Restarting the kernel as suggested.

In [3]:
%reset

In [4]:
import torch
from datasets import load_dataset, load_from_disk

  from .autonotebook import tqdm as notebook_tqdm


## CUDA: GPU Availability

In [5]:
 
print(f"PyTorch version: {torch.__version__}")
print(f"Is CUDA available: {torch.cuda.is_available()}")
 
if torch.cuda.is_available():
    print(f"CUDA version: {torch.version.cuda}")
    print(f"cuDNN version: {torch.backends.cudnn.version()}")
    print(f"cuDNN enabled: {torch.backends.cudnn.enabled}")
    print(f"GPU Count: {torch.cuda.device_count()}")
    
    for i in range(torch.cuda.device_count()):
        print(f"GPU {i}: {torch.cuda.get_device_name(i)}")
        print(f"Memory Allocated: {torch.cuda.memory_allocated(i) / 1024**2:.2f} MB")
        print(f"Memory Reserved: {torch.cuda.memory_reserved(i) / 1024**2:.2f} MB")
 
else:
    print("CUDA is not available. Running on CPU.")

PyTorch version: 2.6.0
Is CUDA available: False
CUDA is not available. Running on CPU.


# 2. Dataset Selection and Exploration (15%)
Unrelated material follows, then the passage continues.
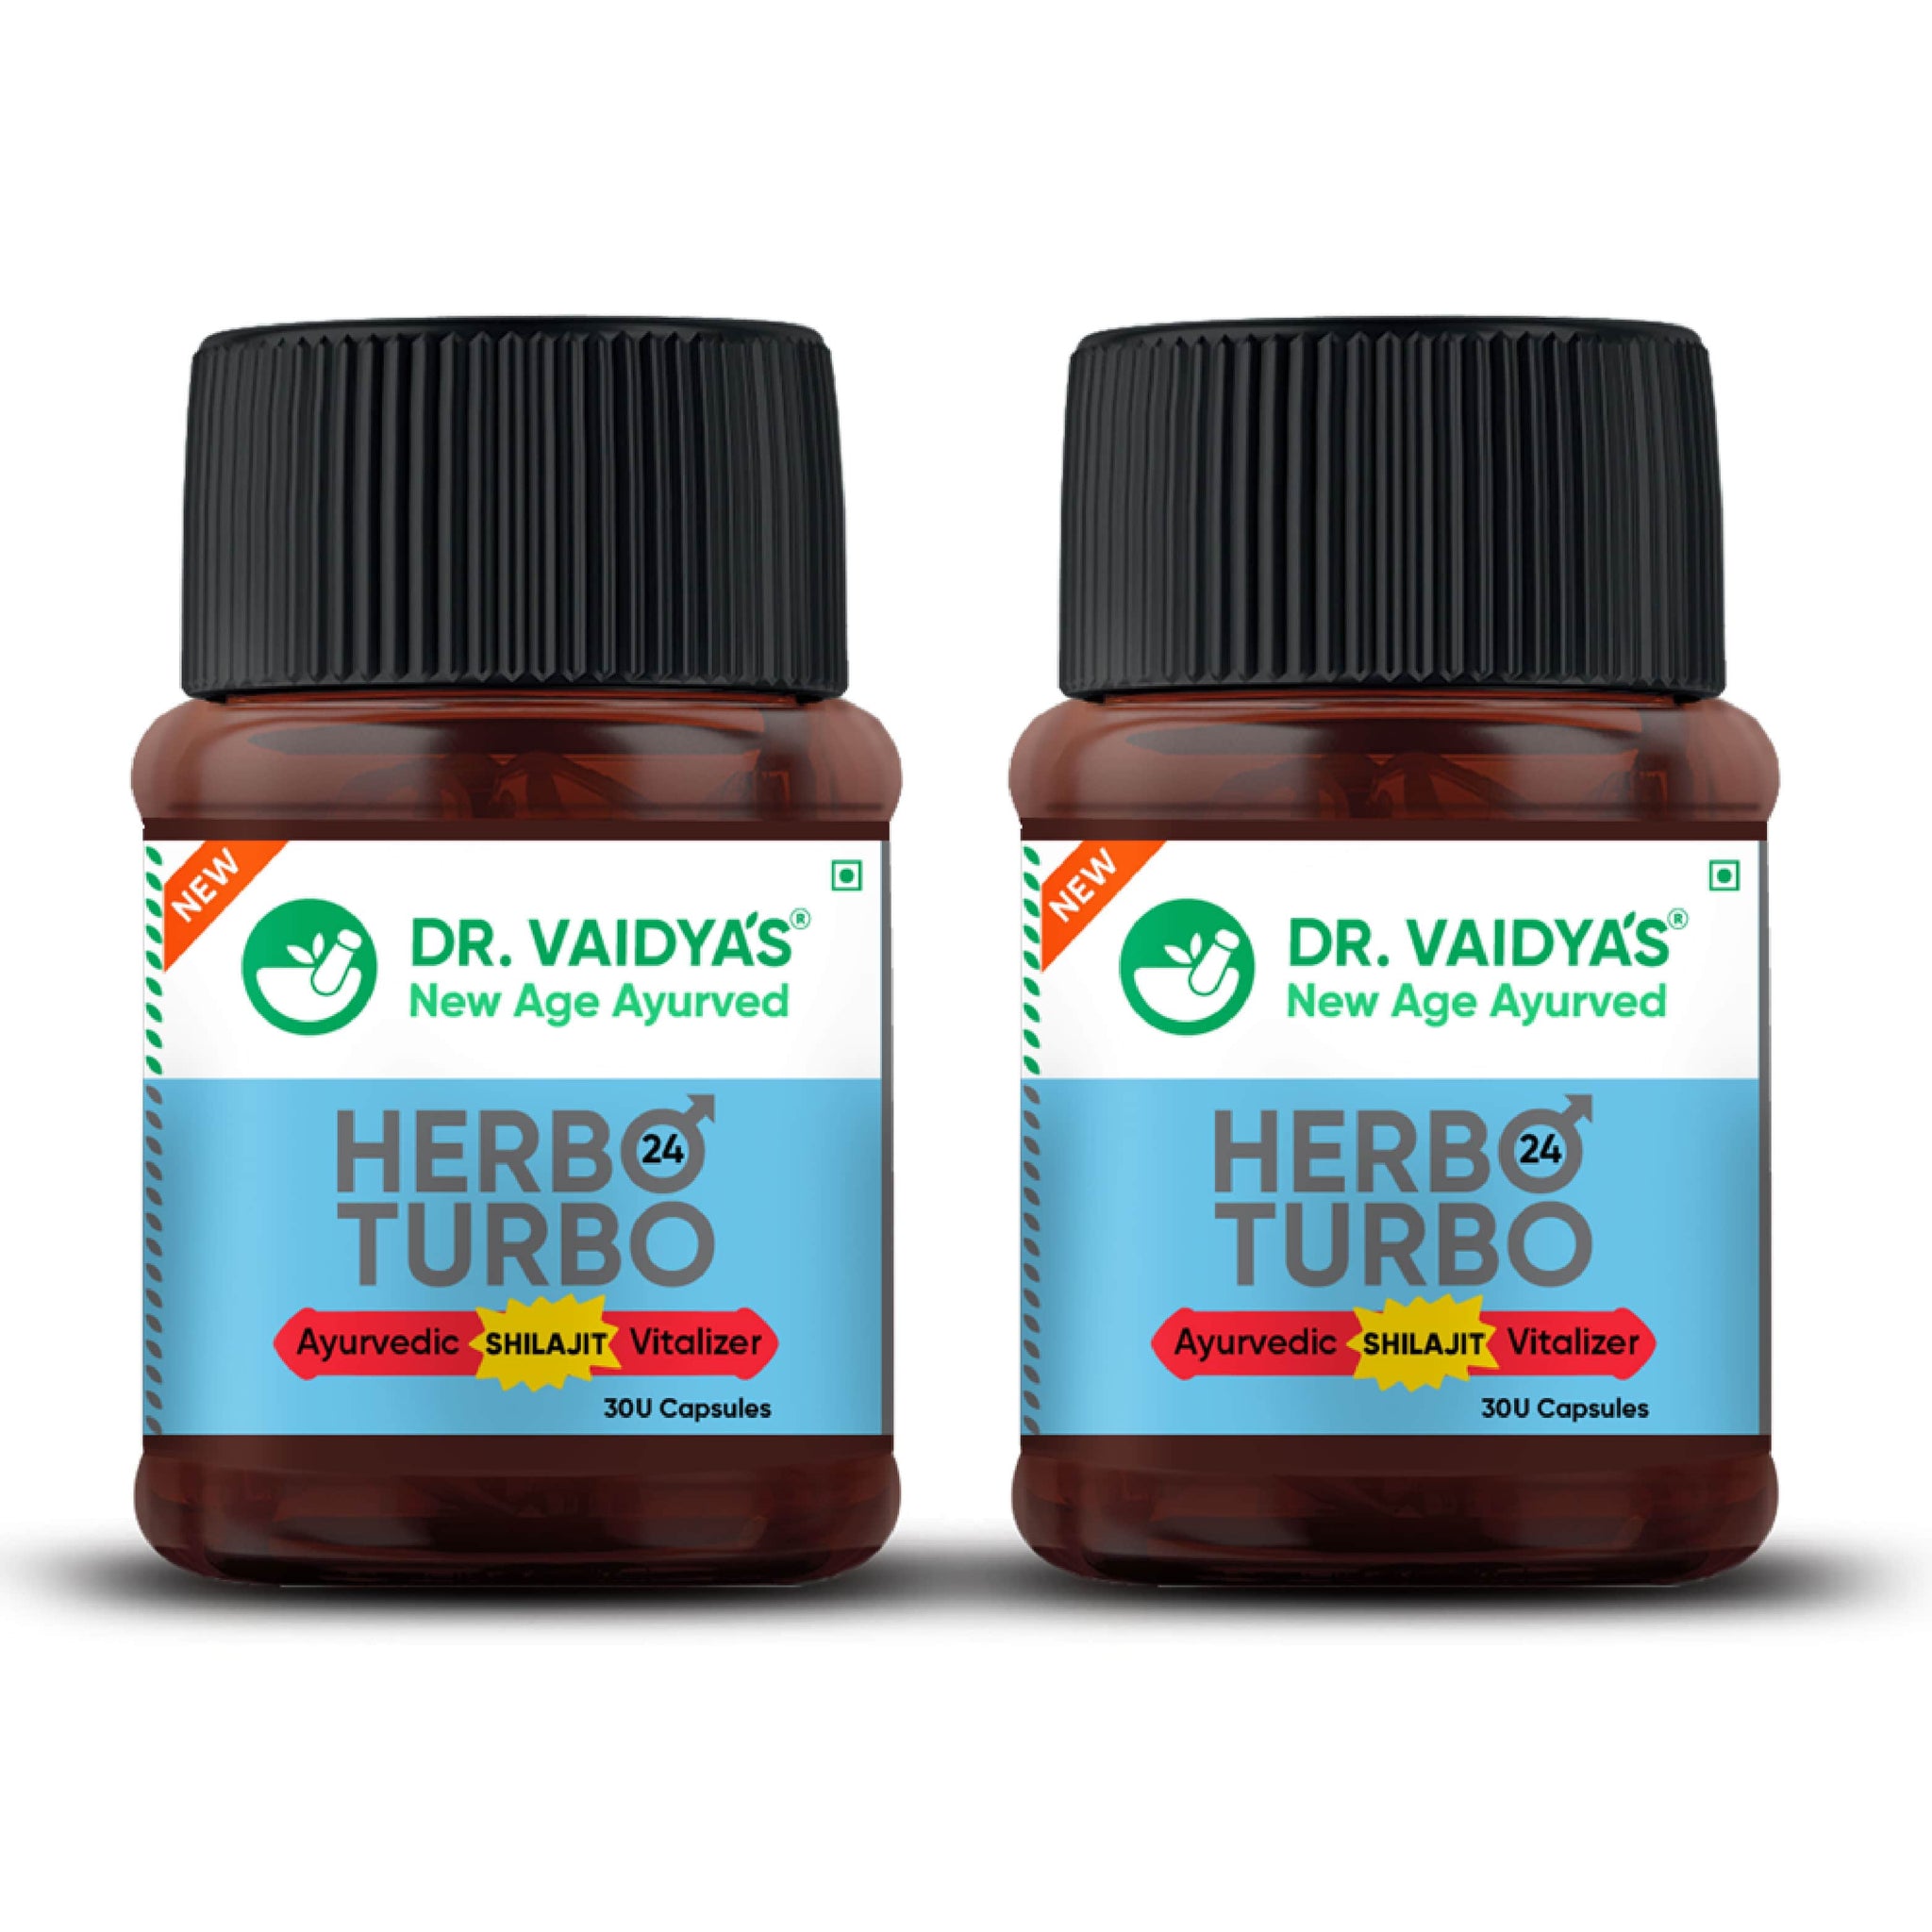 Dr. Vaidya's Herbo24Turbo

## Loading Dataset (from HuggingFace)

### Download Training Set

In [5]:
dataset = load_dataset("ms_marco", "v2.1", split="train[:15000]")

Generating validation split: 100%|██████████| 101093/101093 [00:00<00:00, 236215.19 examples/s]
Generating train split: 100%|██████████| 808731/808731 [00:02<00:00, 299172.53 examples/s]
Generating test split: 100%|██████████| 101092/101092 [00:00<00:00, 309588.97 examples/s]


### Saving Training Set to Disk

In [None]:
# need to save the dataset in /data/train
dataset.save_to_disk("./data/train/ms_marco_15k")

### Loading Train Set from Disk

In [6]:
# https://huggingface.co/docs/datasets/v3.3.2/en/package_reference/main_classes#datasets.Dataset.save_to_disk

# load the already saved dataset from the disk
dataset = load_from_disk("./data/train/ms_marco_15k")

In [7]:
print(len(dataset))

15000


### Loading & Saving Validation Set

In [8]:
validation_dataset = load_dataset("ms_marco", "v2.1", split="validation[:10000]")

In [9]:
# save validation dataset
validation_dataset.save_to_disk("./data/validation/ms_marco")

Saving the dataset (1/1 shards): 100%|██████████| 10000/10000 [00:00<00:00, 103656.22 examples/s]


In [10]:
validation_dataset = load_from_disk("./data/validation/ms_marco")

In [11]:
len(validation_dataset)

10000

### Loading & Saving Test Set

In [12]:
test_dataset = load_dataset("ms_marco", "v2.1", split="test[:10000]")

In [13]:
# save test dataset to the disk
test_dataset.save_to_disk("./data/test/ms_marco")

Saving the dataset (0/1 shards):   0%|          | 0/10000 [00:00<?, ? examples/s]

Saving the dataset (1/1 shards): 100%|██████████| 10000/10000 [00:00<00:00, 97400.38 examples/s]


In [14]:
test_dataset = load_from_disk("./data/test/ms_marco")